Where can I find the etymology of the words. Do you have some hints for me?
Thanks in advance.

14 comments

  • According to what I read in the Webster's New Collegiate Dictionary which I think is one out of the best for finding origin of words,


    FLOAT
    The Middle English "flote" (for boat or float) comes from Old English "flota" (ship) which is akin to Old High English flooz (raft or stream) and Old English "fleeotan" (to float).
    FLEET
    has a similar origin Middle English "flete", Old English "fleot" (ship)


    I don't think the origin of FLOOD is exactly the same.
    Old English "flood", akin to Old English "floowan" (to flow).


    Which links can be set between "to flow" and "a ship"? They aren't from totally unknown for each other worlds.
    The roots of words even found in separate boxes don't seem to come from nailed shut boxes.


    But anyway the nicest saying I found in your tip was:
    "Licht flutete durch das Zimmer." It overcomes any possible English say.
    However I'd like to point out that in English I could say:
    "The room was flooded in light." or
    "The light flowed through/into the room." or
    "The light sank into the room."
    but surely not "floated" as you suggested.


    Warning: I wrote oo the o coming with an "upperscore" in OE for the software didn't implement such stress.
    [CW]
  • The sound of music can float from an open window.
    Sound: waves of air particles (matter); It can float imitationg water particles.
    Light can't float, I think. It's an electromagnetic radiation.
    We may though imagine light as streaming, beaming, not floating.
    What does it grab you?
  • From Gee:
    According to what I read in the Webster's New Collegiate Dictionary ....
    They aren't from totally unknown for each other worlds.
    ... for the software didn't implement such stress.
    [CW]

     
    CS "They are not from worlds totally unknown to each other." (I feel it flows easier so.)
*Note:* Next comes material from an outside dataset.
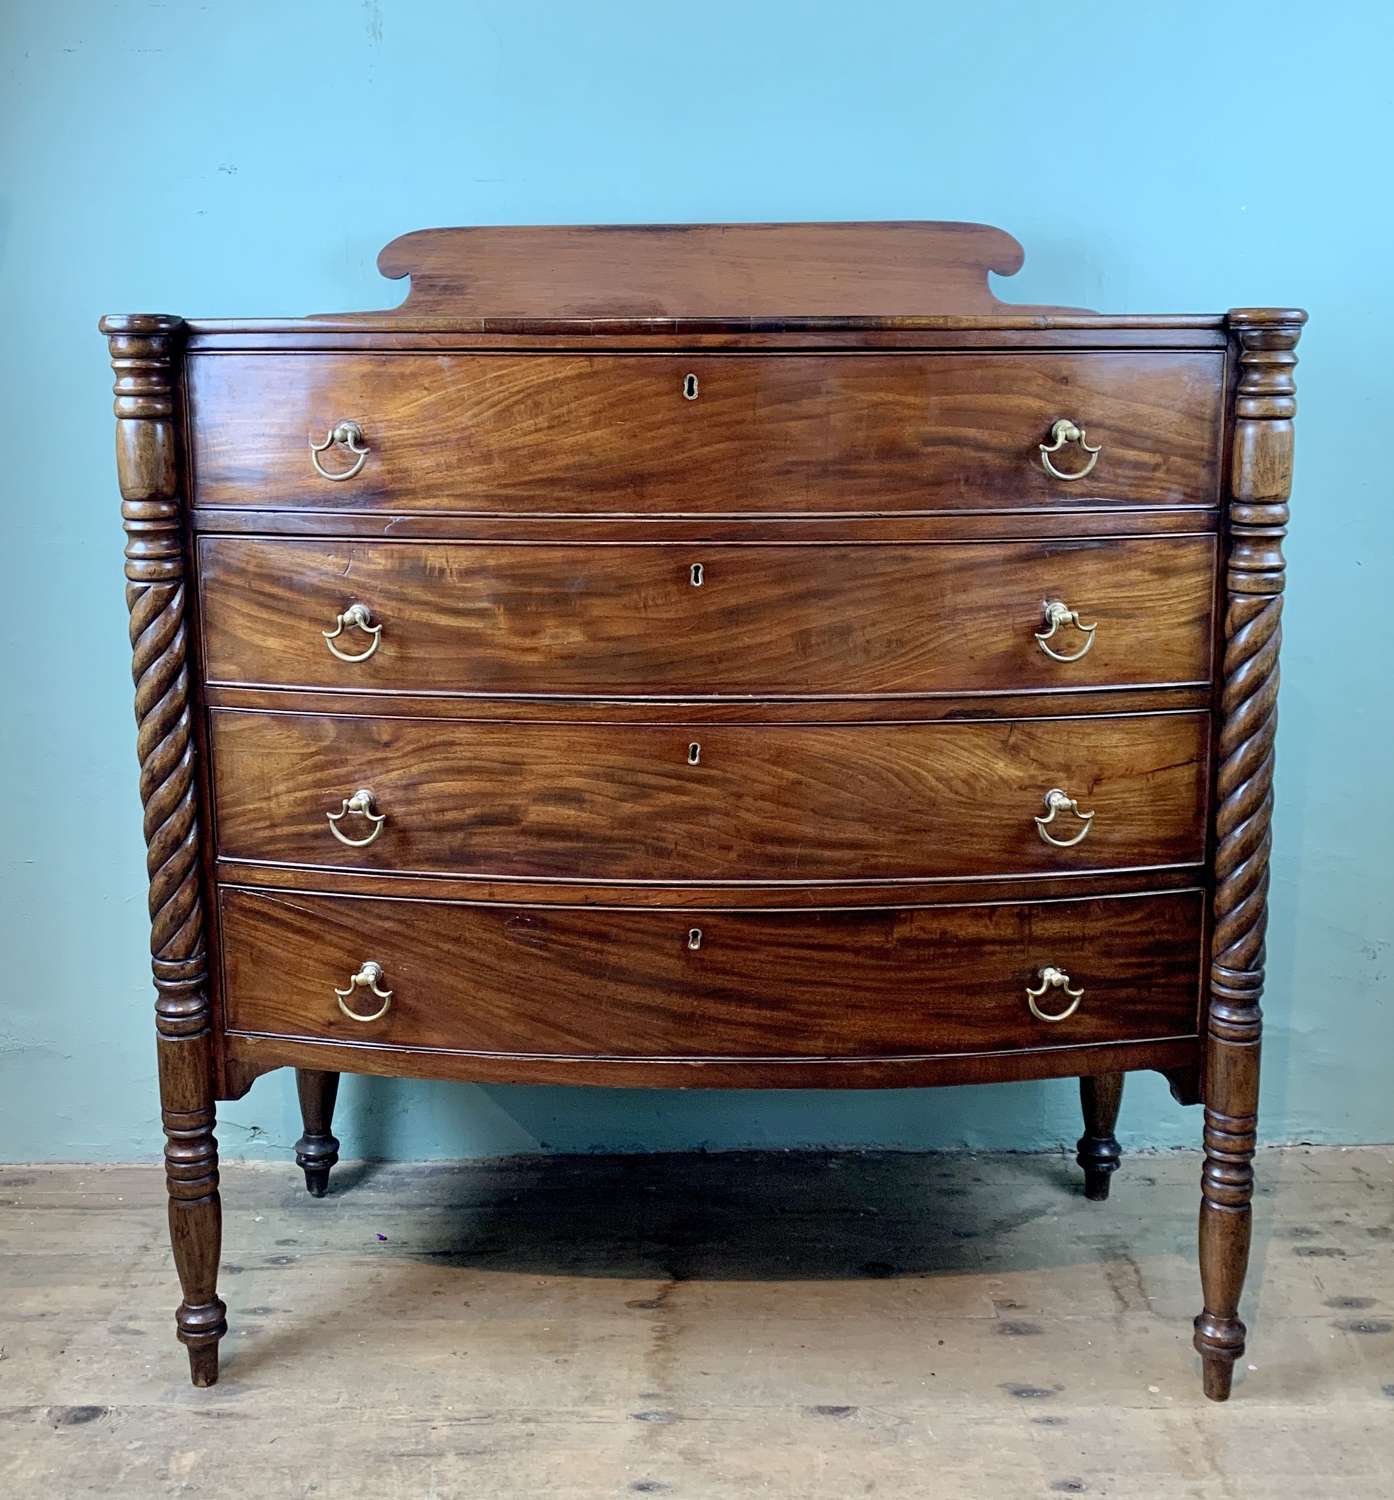 Regency Mahogany Chest of Drawers With Column Corners

    for the software hasn't implemented such stress. (Hasn't implemented seems better to me as it is still likely to do.)


    In your last message posted at 11:30AM:
    What does IT grab you? I have never heard IT so far but THAT:
    What does that grab you?


    What do you think, Gee? (and others!)
  • Many thanks Sandy!
    Thanks for calling on.
    Thanks for reading.
    Thanks for fixing.


    About "what does that grab you?", it's right I learned it with "that" in the GG lessons. But does it mean we shouldn't go deviant - grammatically I mean, not sexually. Do you mean I should nail myself in a shut box?


    By the by, why wouldn't you float an idea now and then?
  • Hello Gee,


    thanks a lot for your intensive investighations concerning my question. I have to work it through during my holidays. As You know, I still need many hours to translate your statements because my lack of advanced vocabulary. I beg your patience (does that work like I beg your pardon? Or should I say: I would like to ask you for patience, help, understanding? In any case I'm very interested in such refexions and I'll grab the big chance you offer with both hands.


    (CW)


    From Gee:
    According to what I read in the Webster's New Collegiate Dictionary which I think is one out of the best for finding origin of words,


    FLOAT
    The Middle English "flote" (for boat or float) comes from Old English "flota" (ship) which is akin to Old High English flooz (raft or stream) and Old English "fleeotan" (to float).
    FLEET
    has a similar origin Middle English "flete", Old English "fleot" (ship)


    I don't think the origin of FLOOD is exactly the same.
    Old English "flood", akin to Old English "floowan" (to flow).


    Which links can be set between "to flow" and "a ship"? They aren't from totally unknown for each other worlds.
    The roots of words even found in separate boxes don't seem to come from nailed shut boxes.


    But anyway the nicest saying I found in your tip was:
    "Licht flutete durch das Zimmer." It overcomes any possible English say.
    However I'd like to point out that in English I could say:
    "The room was flooded in light." or
    "The light flowed through/into the room." or
    "The light sank into the room."
    but surely not "floated" as you suggested.


    Warning: I wrote oo the o coming with an "upperscore" in OE for the software didn't implement such stress.
    [CW]

     
  • You needn't to beg any patience of anyone, Gwendo, because everyone is pleased to talk with you.
    'I beg your pardon' is an everyday idiomatic expression.
    Would 'to beg someone's patience' a acceptable expression, I don't know. But why not? Understandable by everyone anyway.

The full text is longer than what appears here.